New England Journal of Medicine · 2012
OPUSOutcomes following vaginal Prolapse repair and mid-Urethral Sling

A Midurethral Sling to Reduce Incontinence after Vaginal Prolapse Repair

Wei JT, Nygaard I, Richter HE, Nager CW, Barber MD, Kenton K, Amundsen CL, et al. · Pelvic Floor Disorders Network
DOI: 10.1056/NEJMoa1111967 · ClinicalTrials.gov NCT00460434
Design
Sham-Controlled RCT
Patients
337
Sites
7
Follow-up
12 months
Completion
97%
Intervention · n = 165
Prophylactic TVT Sling
Retropubic midurethral sling (Gynecare TVT) placed during vaginal prolapse repair
Control · n = 172
Sham Incisions
Two 1-cm suprapubic incisions mimicking trocar sites — no sling placed
6.3
Number Needed to Treat (12 months) For every 6–7 women who receive a prophylactic sling at the time of prolapse repair, one case of urinary incontinence is prevented at 1 year.

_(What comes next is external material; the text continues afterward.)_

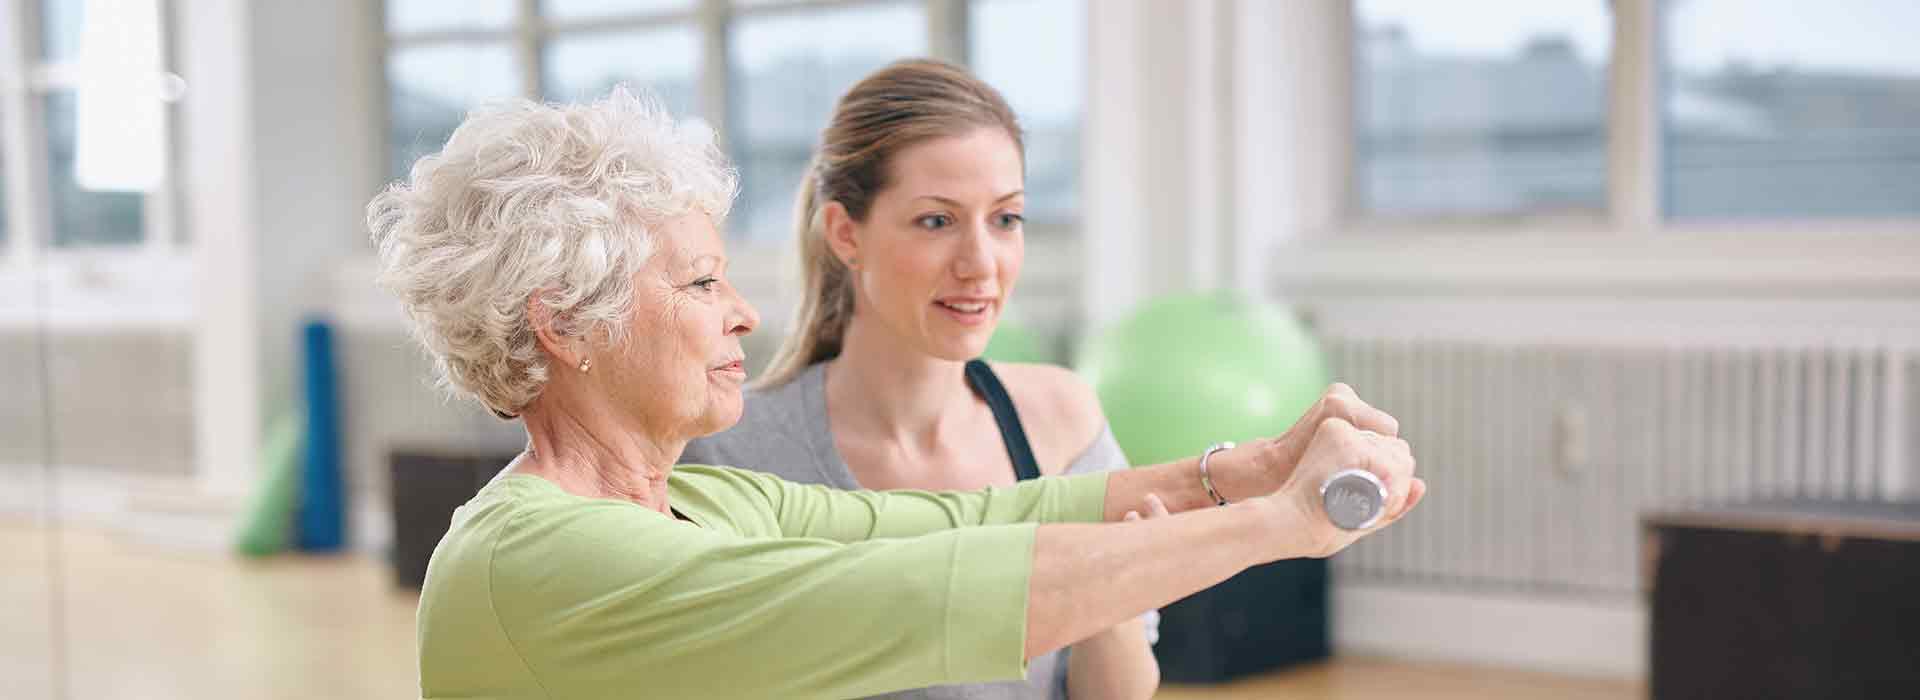 Clases de pilates para mayores

Primary Outcome — Urinary Incontinence Rate
3 Months
Sling
23.6%
Sham
49.4%
P < 0.001 · NNT 3.9
12 Months
Sling
27.3%
Sham
43.0%
P = 0.002 · NNT 6.3
Preoperative stress test did not determine benefit. Sling reduced incontinence regardless of whether the prolapse-reduction cough stress test was positive or negative. Only 33.5% of women had a positive test preoperatively.

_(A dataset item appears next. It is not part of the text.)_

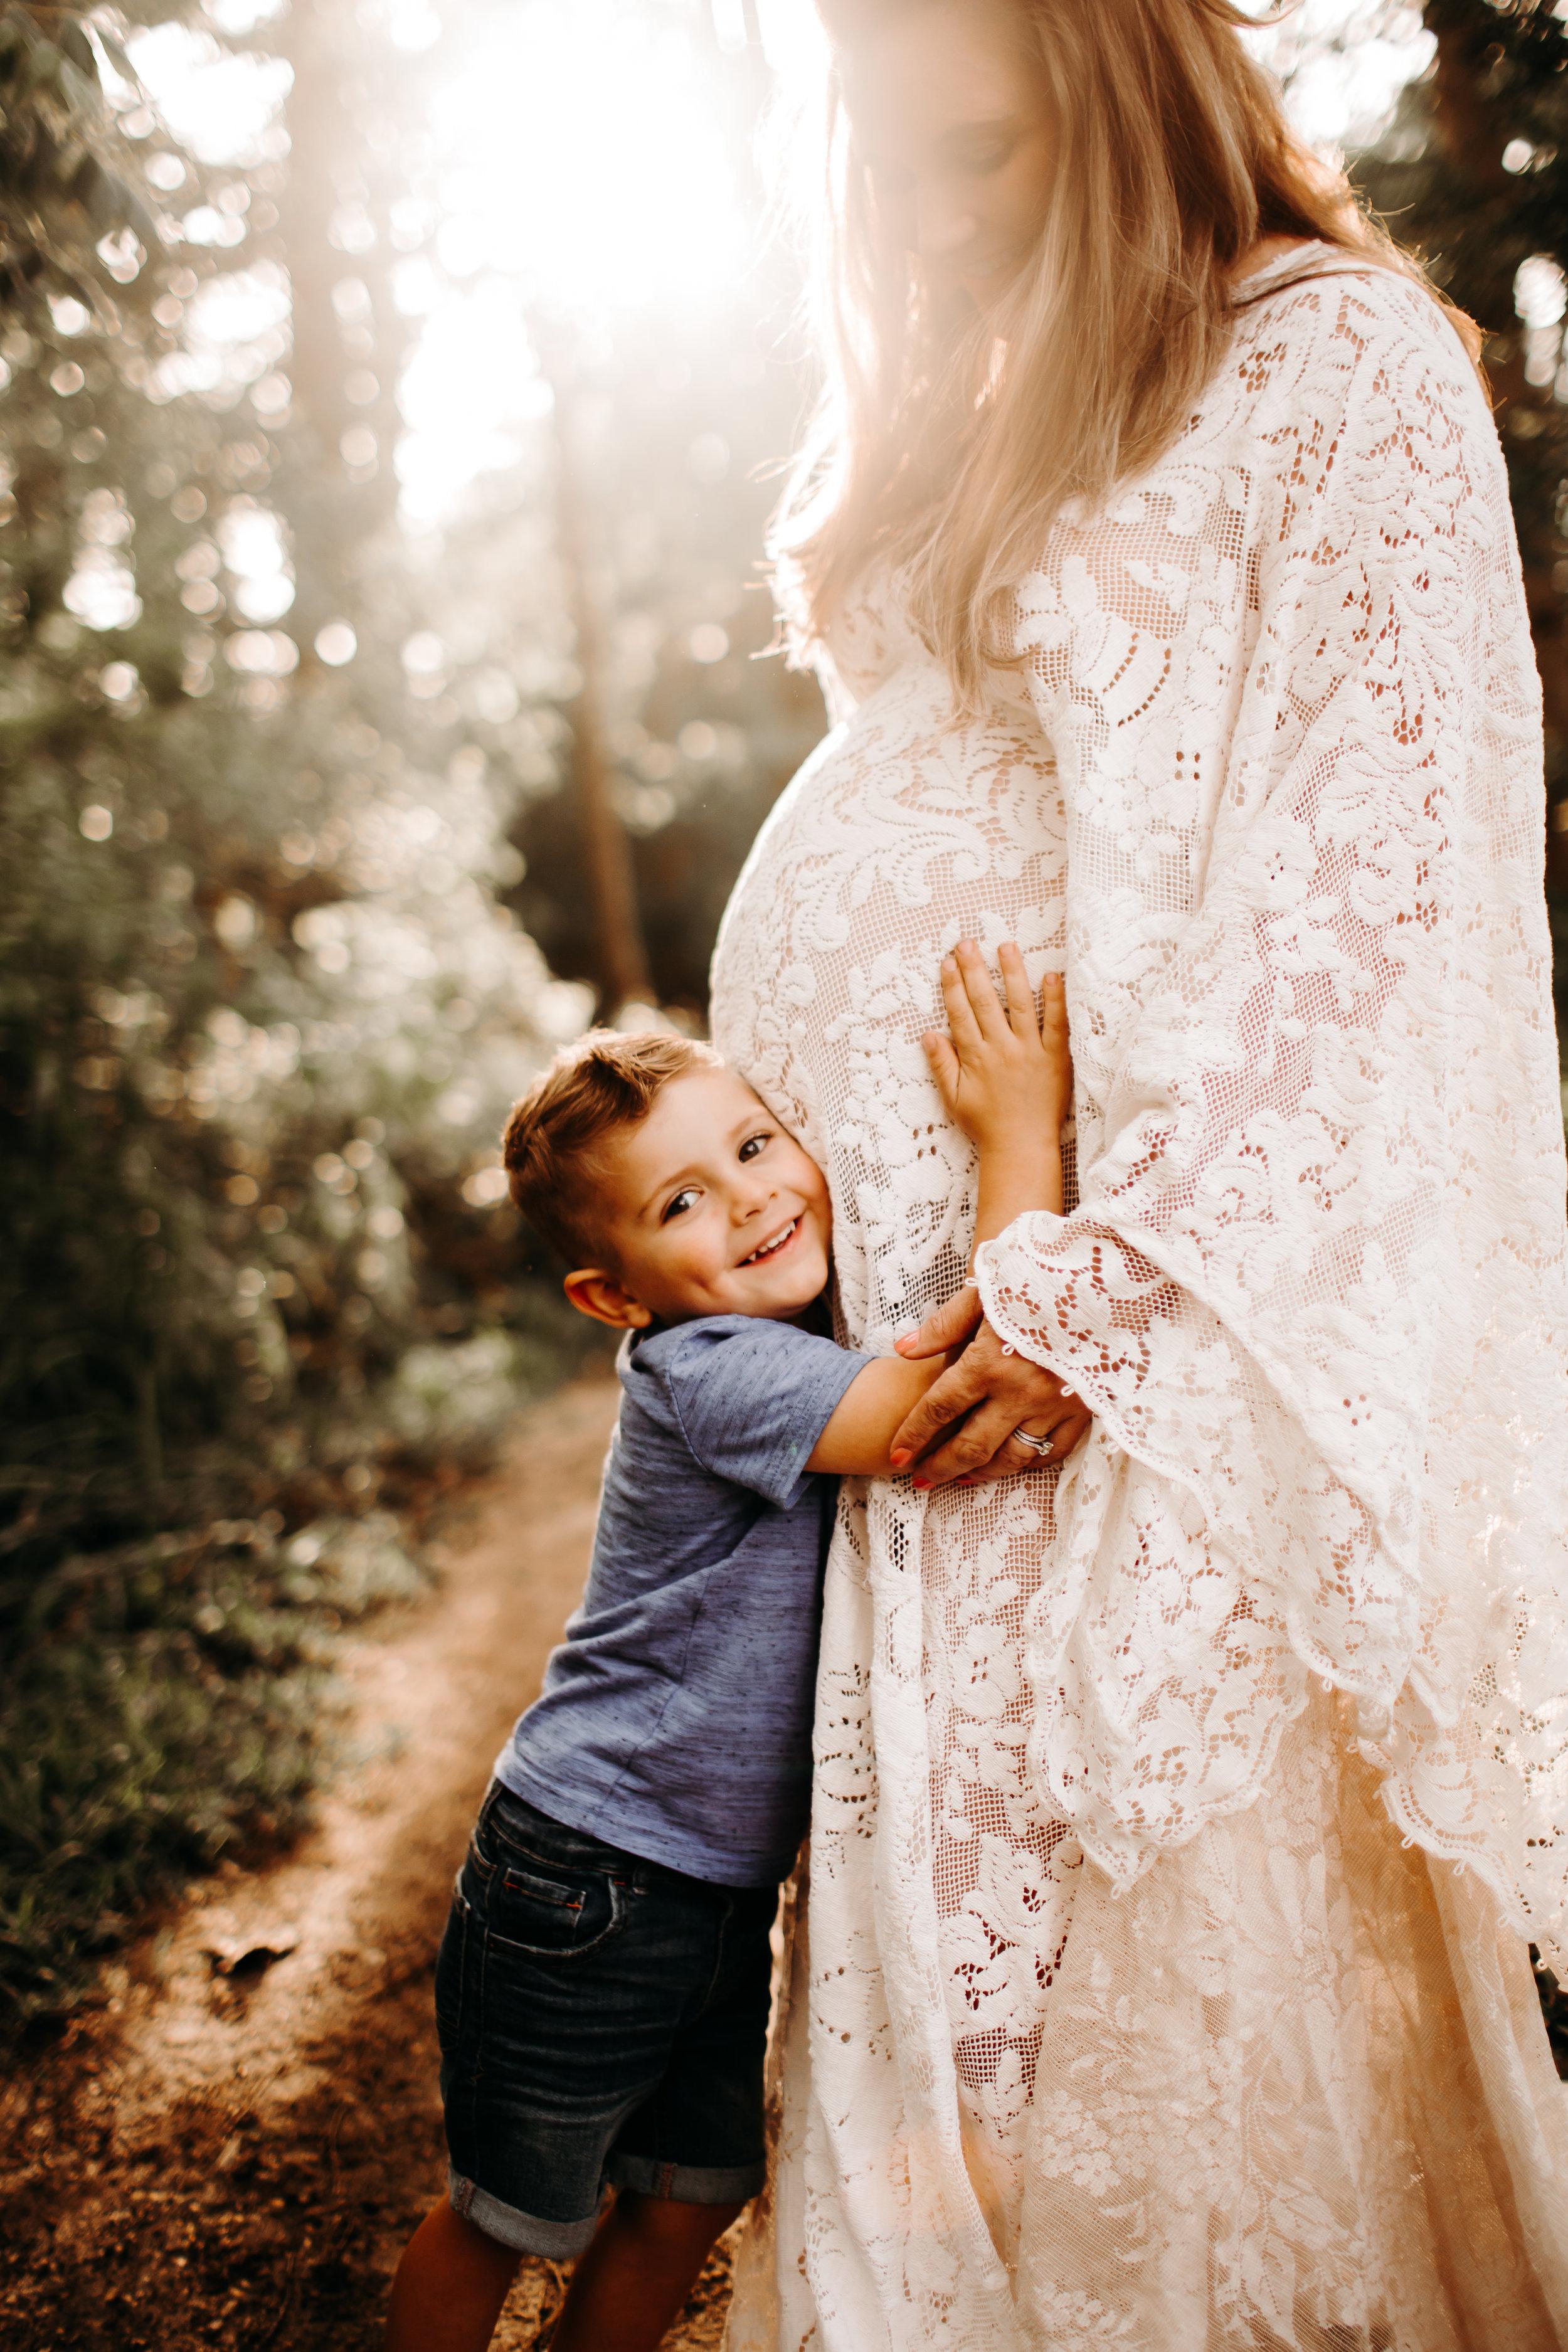 Alex-San-Antonio-Maternity-Photographer-6.jpg

Safety — Higher Adverse Events with Sling
Bladder Perforation
6.7% vs 0% (P < 0.01)
UTI
31.0% vs 18.3% (P = 0.008)
Major Bleeding
3.1% vs 0% (P = 0.03)
Voiding Dysfunction at 6 wk
3.7% vs 0% (P = 0.01)
No Mesh Erosions
0% in both groups — no sling-related mesh complications observed
Take-Home Message

In women without stress incontinence symptoms undergoing vaginal prolapse repair, a prophylactic retropubic midurethral sling cuts postoperative urinary incontinence nearly in half — but at the cost of more bladder perforations, UTIs, and voiding dysfunction. This is a shared decision-making conversation: the benefit (NNT 6.3) must be weighed against the patient's individual risk tolerance.